WHAT YOU HAVE TO DO: Exactly the lines from the one with "Purex, no sort, clean" through the end of the records below are needed, minus any pictures.

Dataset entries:
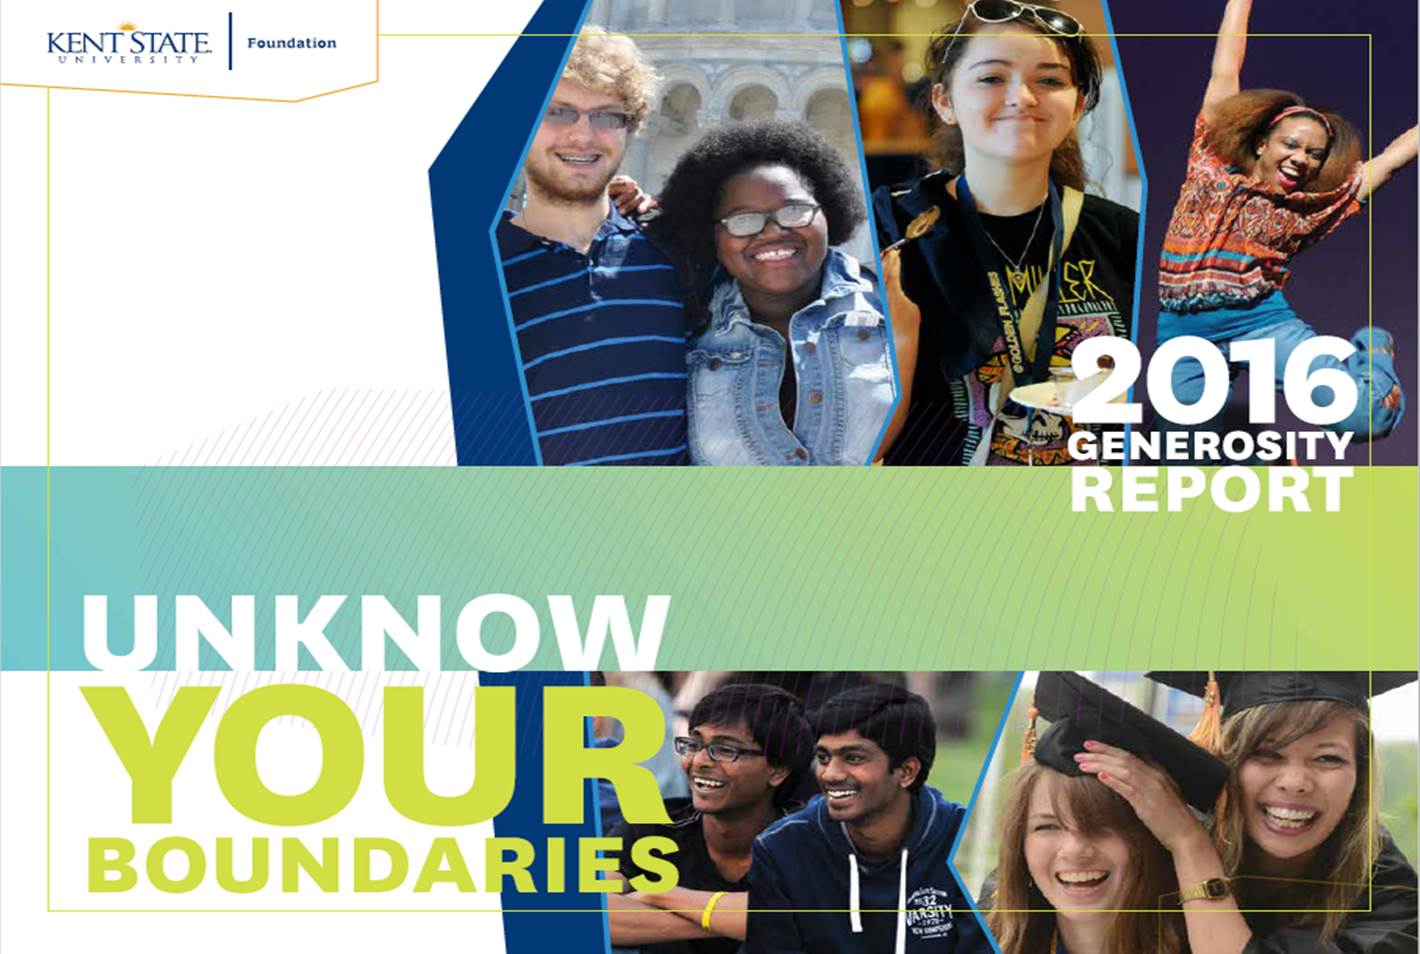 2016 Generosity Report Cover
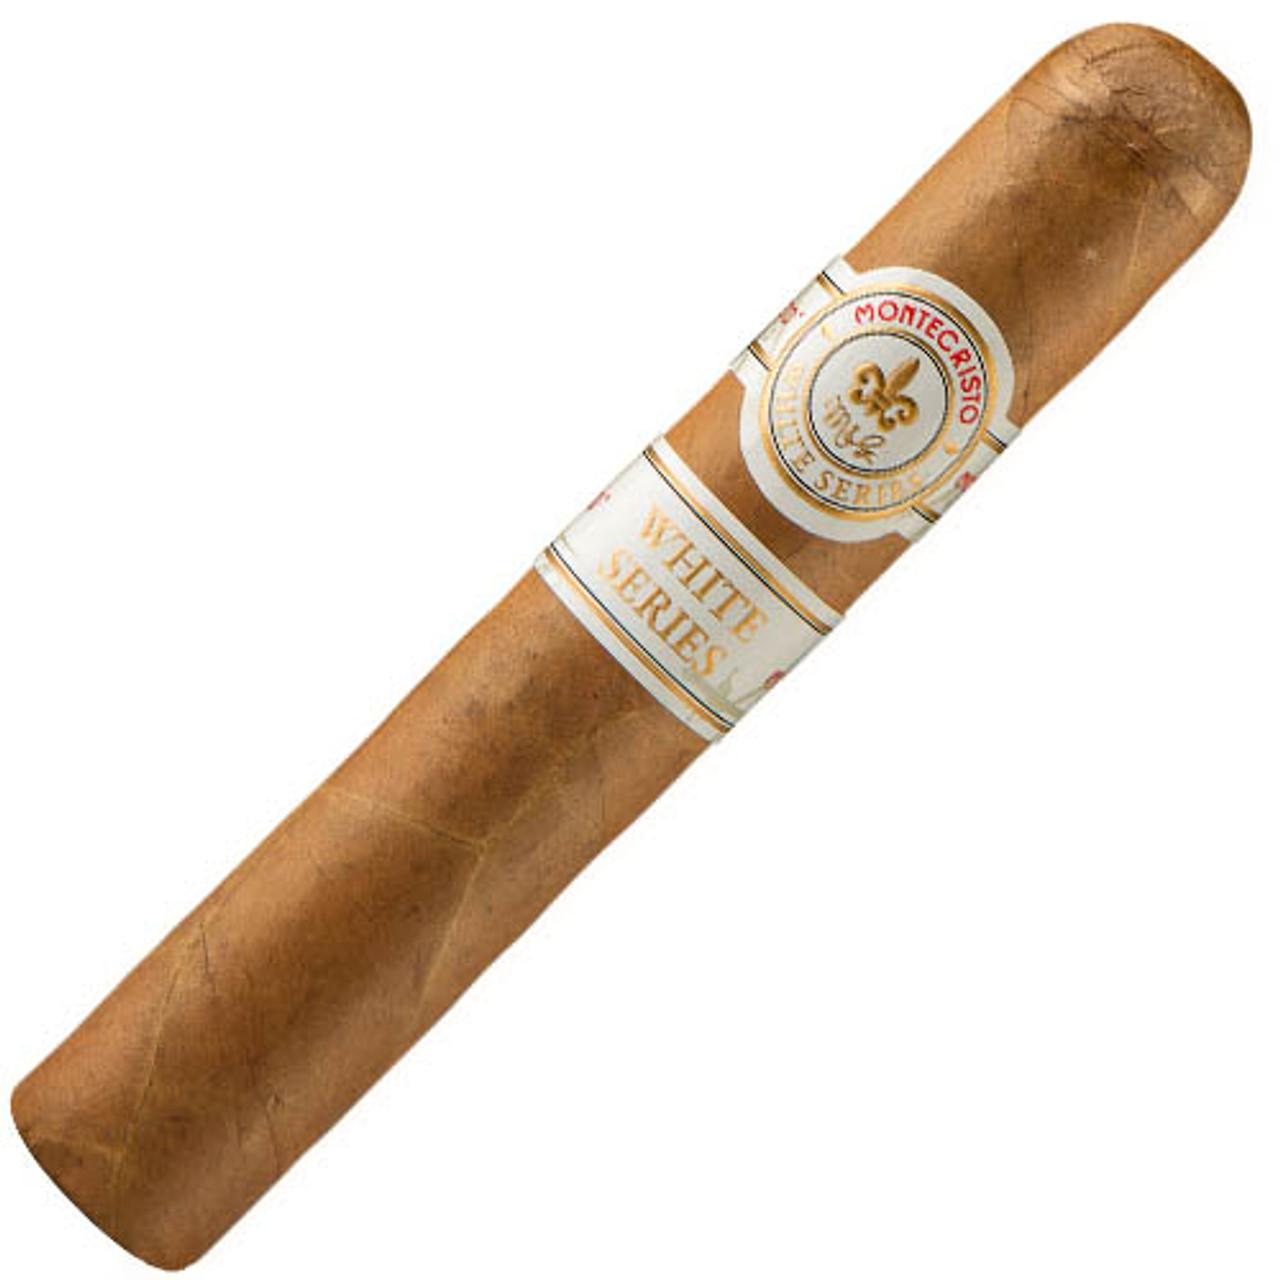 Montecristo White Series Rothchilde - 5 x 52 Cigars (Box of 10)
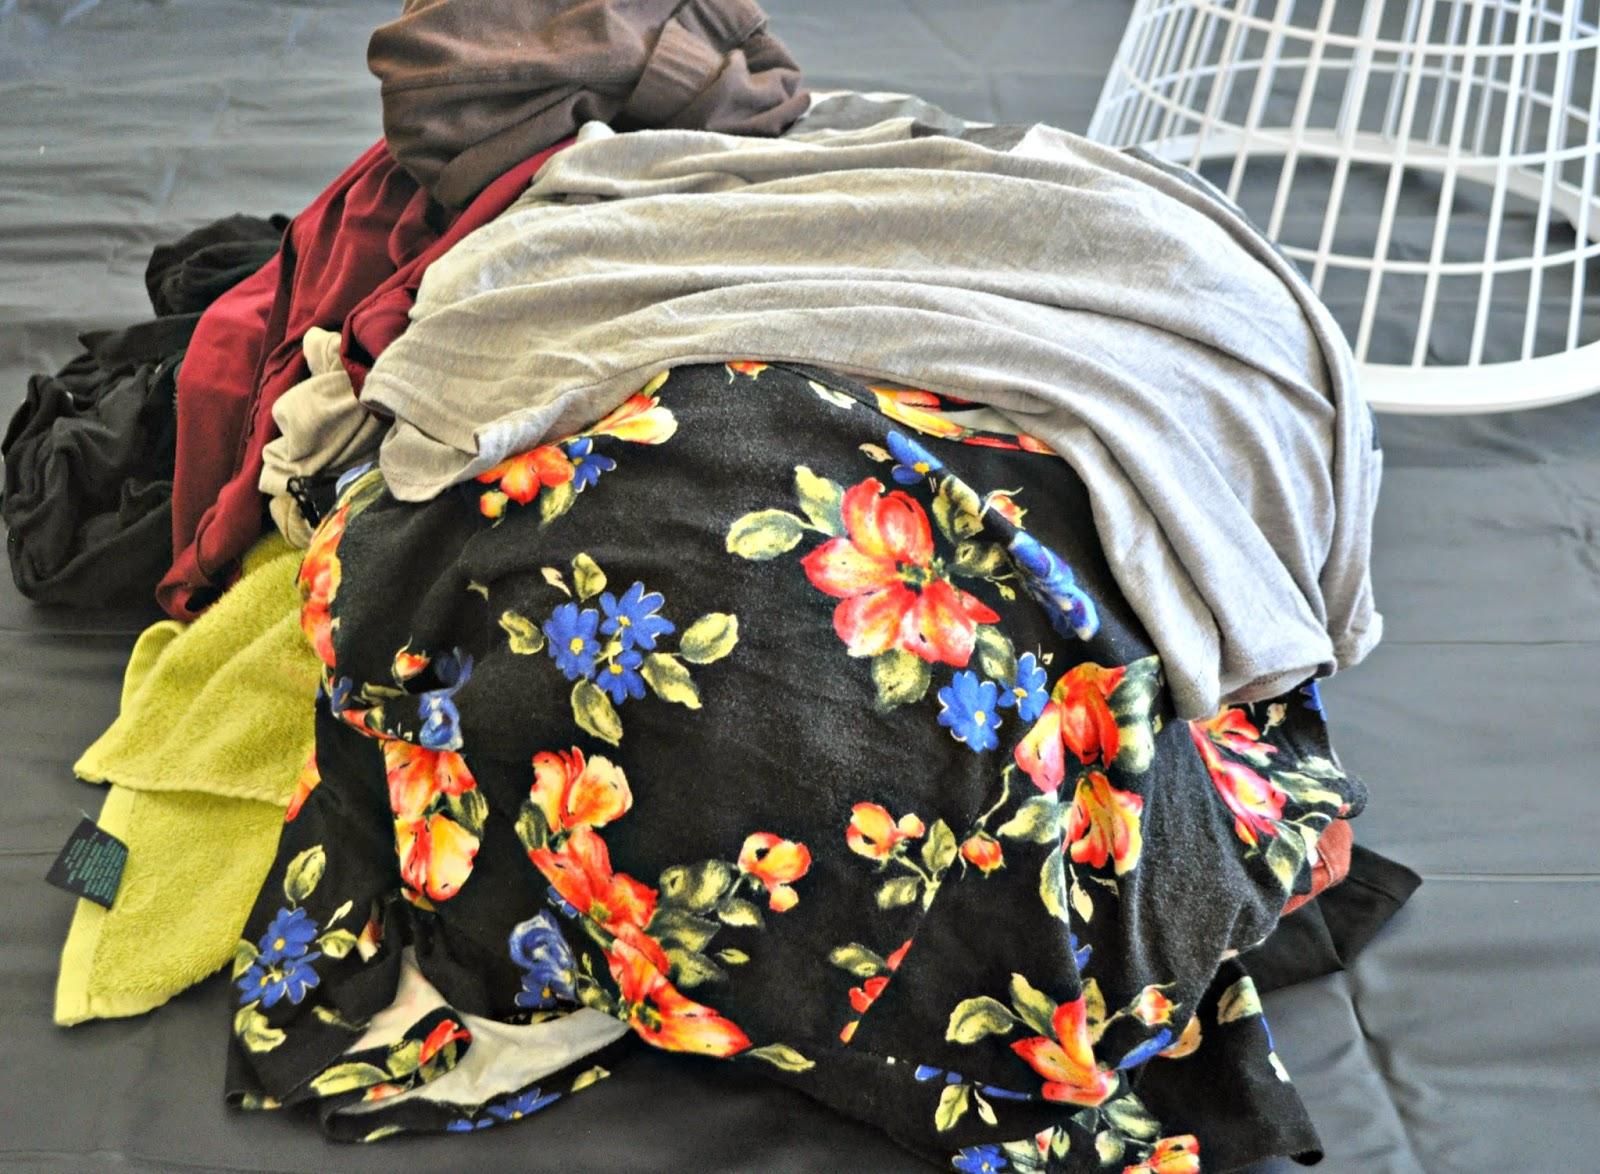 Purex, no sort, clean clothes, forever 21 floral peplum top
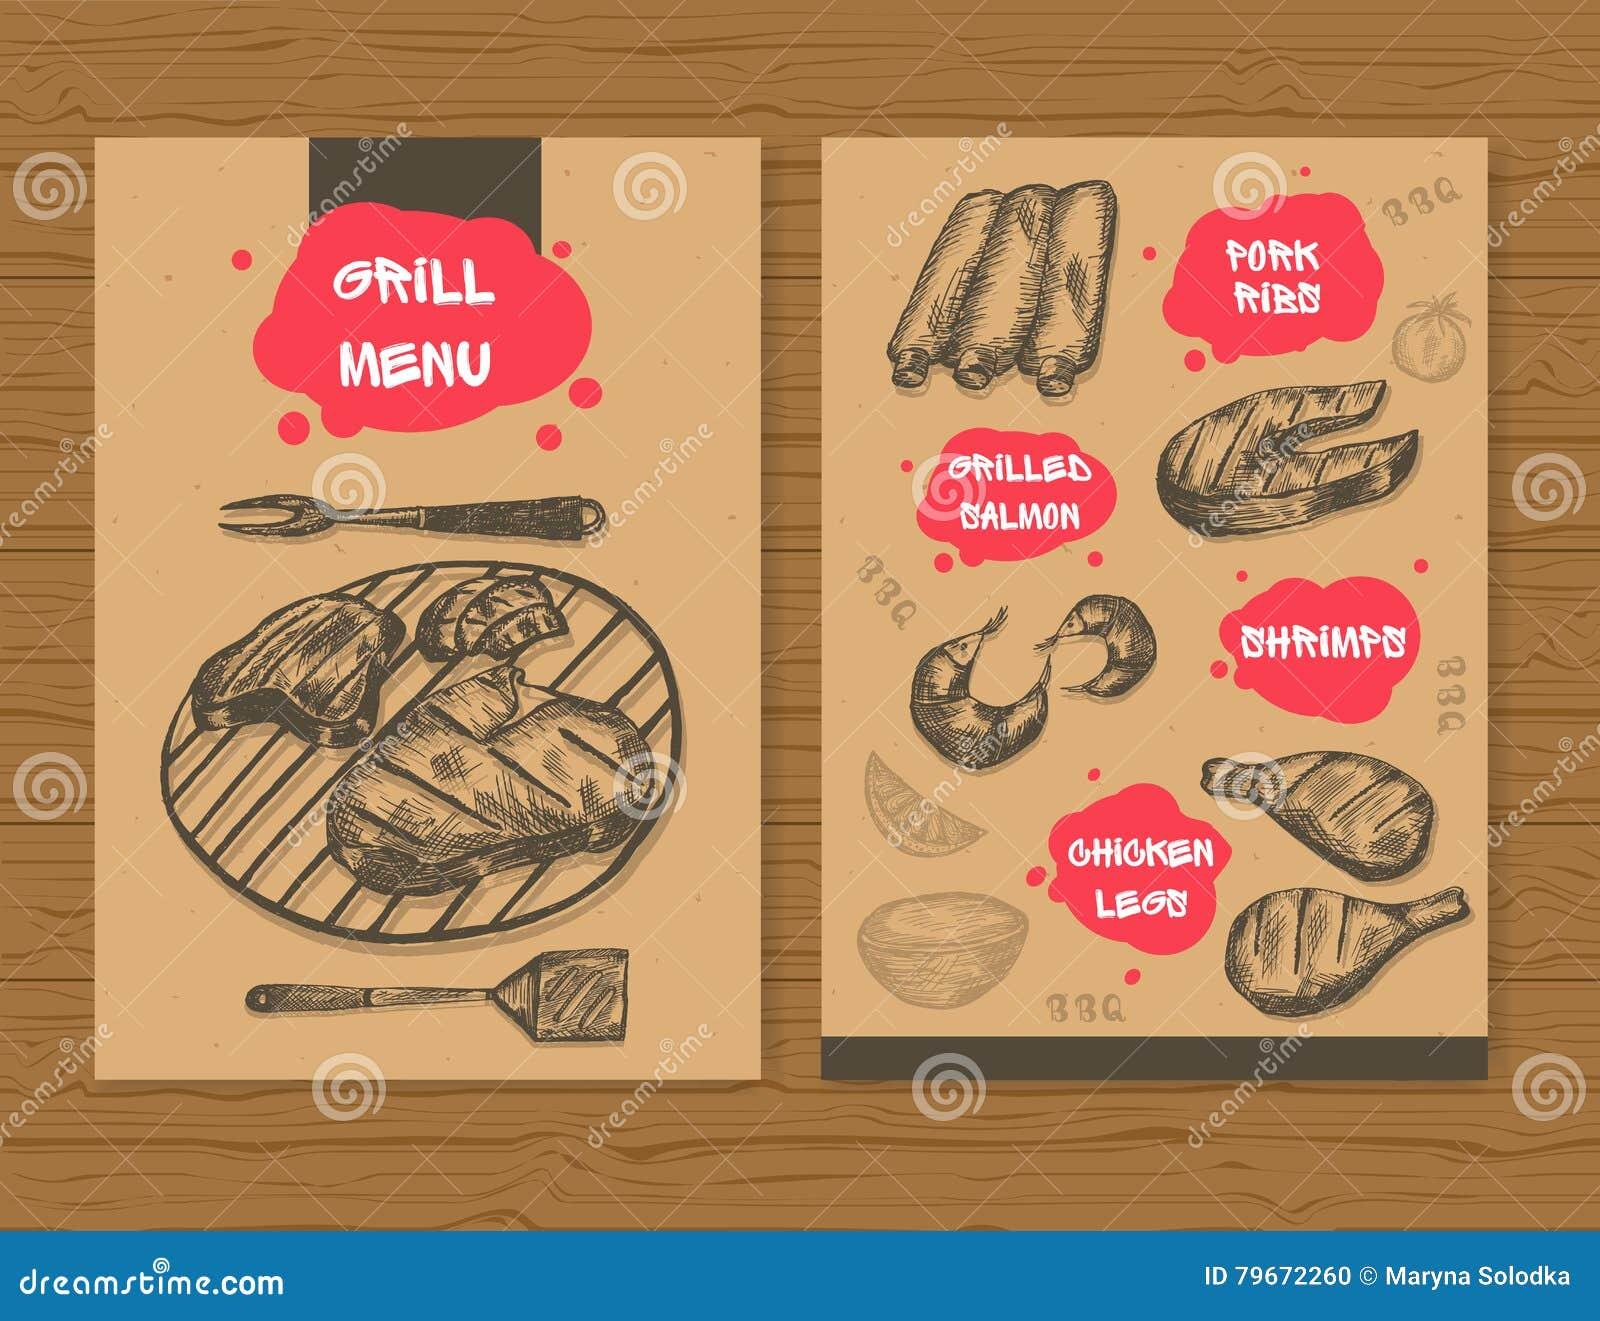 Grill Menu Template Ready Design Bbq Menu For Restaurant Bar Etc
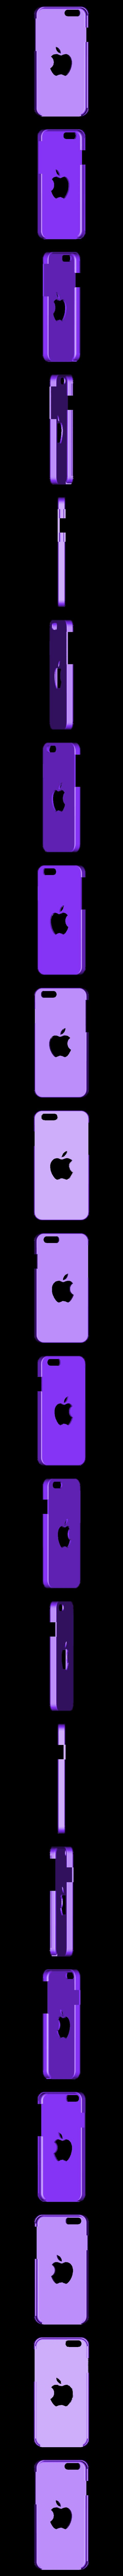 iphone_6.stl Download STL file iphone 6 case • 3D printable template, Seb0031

RESULT:
 Purex, no sort, clean clothes, forever 21 floral peplum top
 Grill Menu Template Ready Design Bbq Menu For Restaurant Bar Etc
 iphone_6.stl Download STL file iphone 6 case • 3D printable template, Seb0031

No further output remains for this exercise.